● Try it
Going through the entries below, copy out each line that contains "Average".
##### Supplied records #####
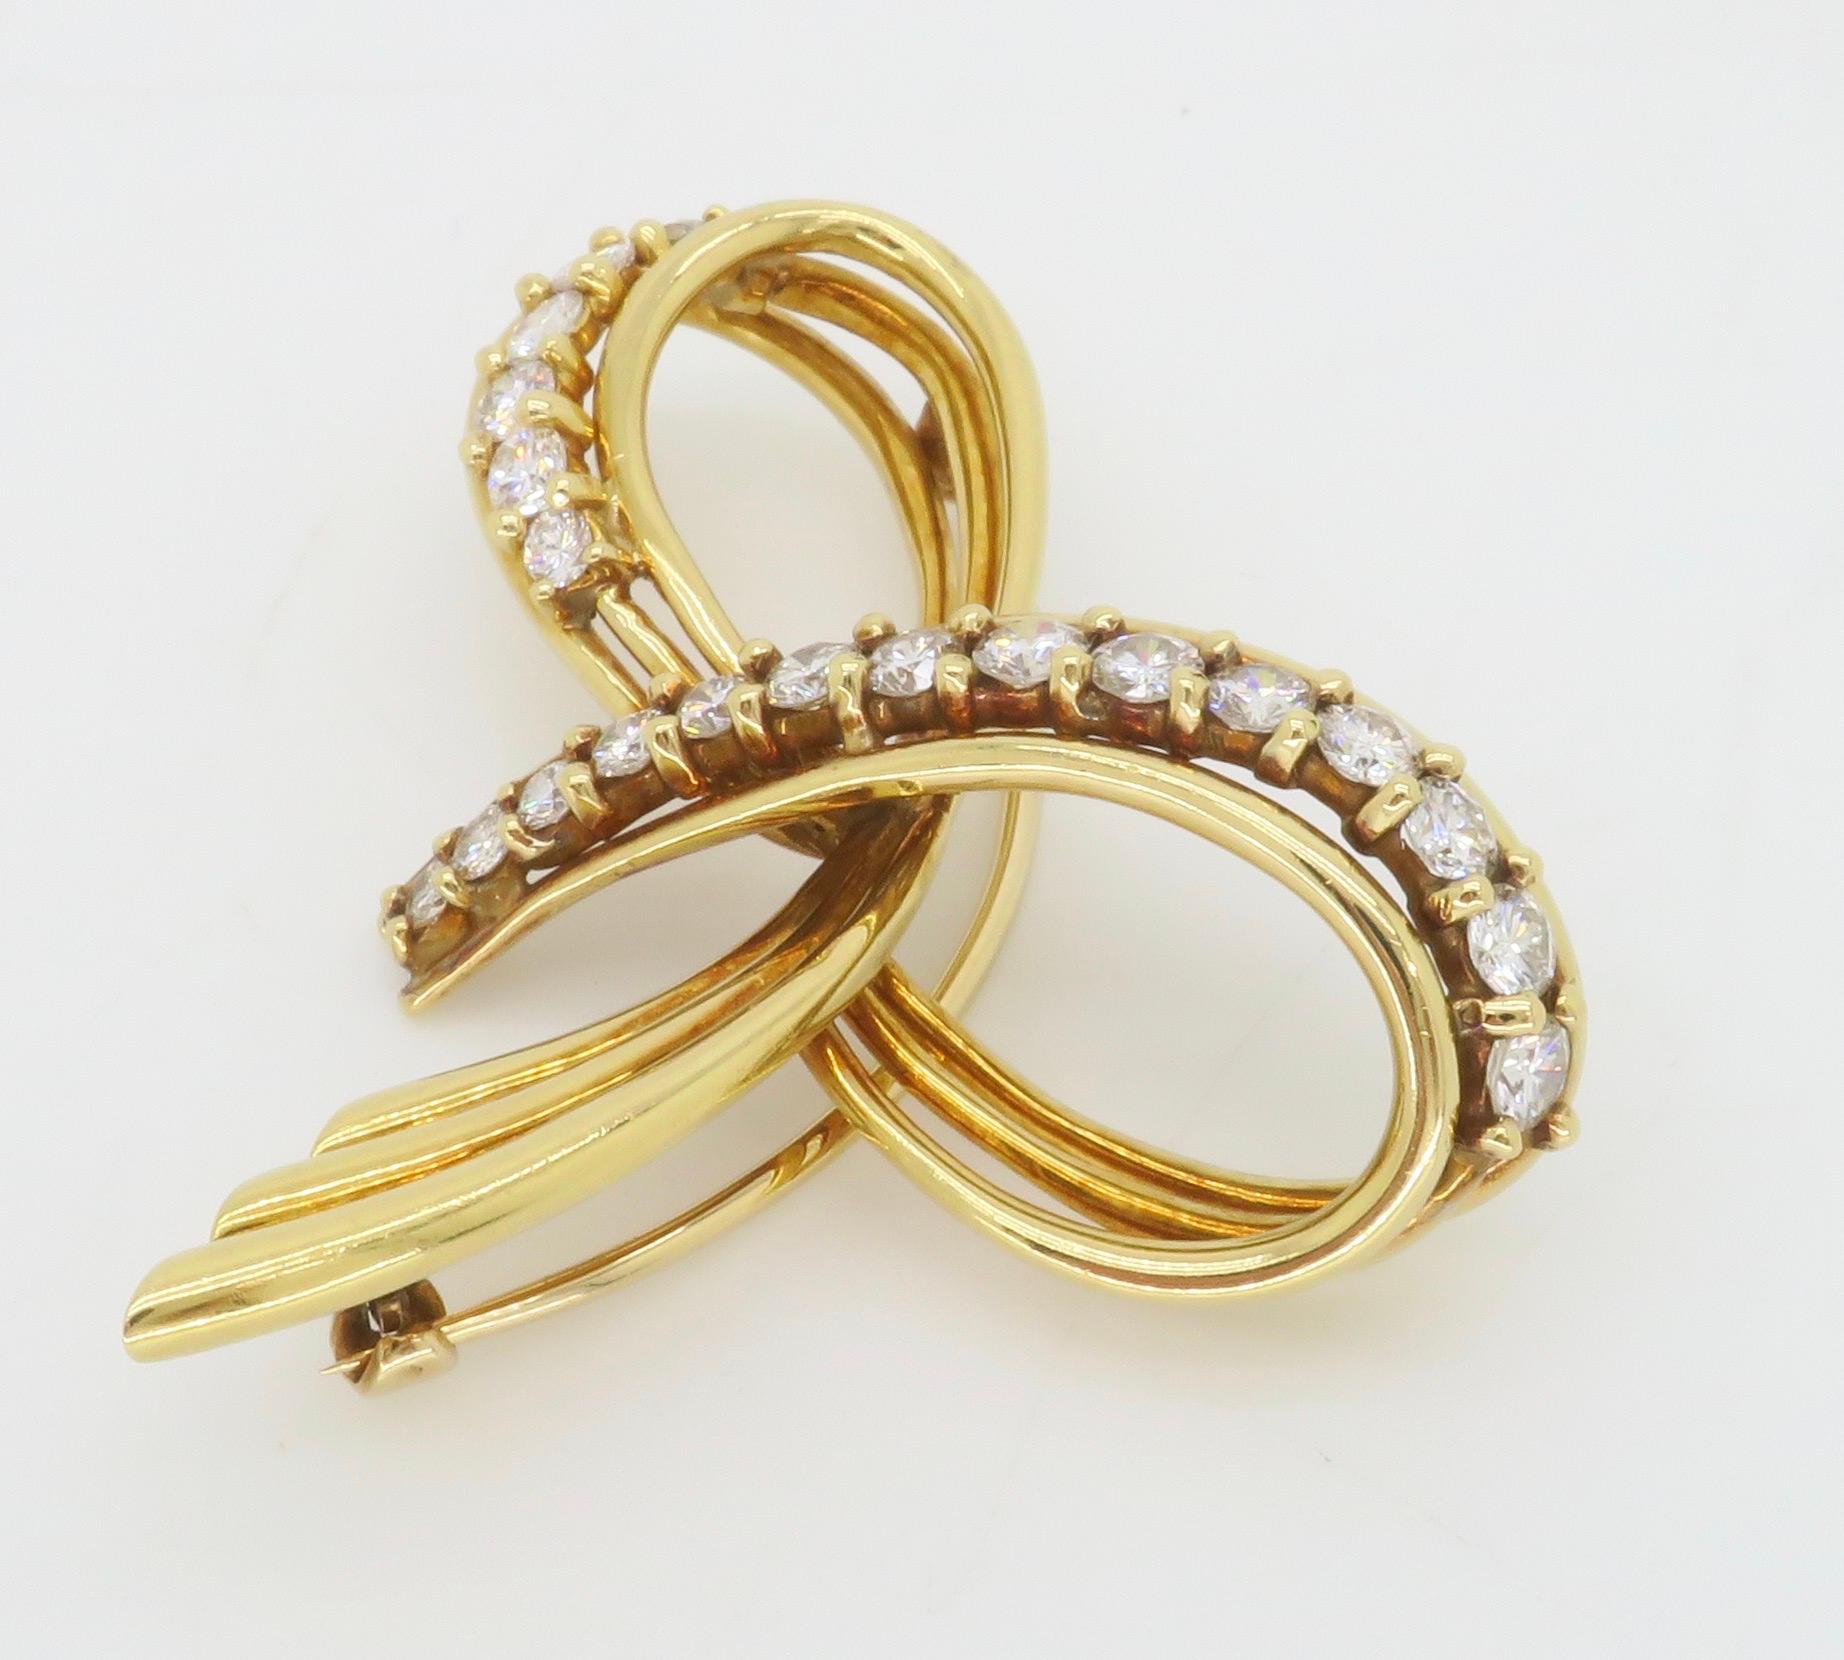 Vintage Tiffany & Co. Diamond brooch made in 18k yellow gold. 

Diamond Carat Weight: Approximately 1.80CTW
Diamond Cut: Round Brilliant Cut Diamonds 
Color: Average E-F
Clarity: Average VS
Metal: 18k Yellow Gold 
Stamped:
#####
● Solution for this task
Color: Average E-F
Clarity: Average VS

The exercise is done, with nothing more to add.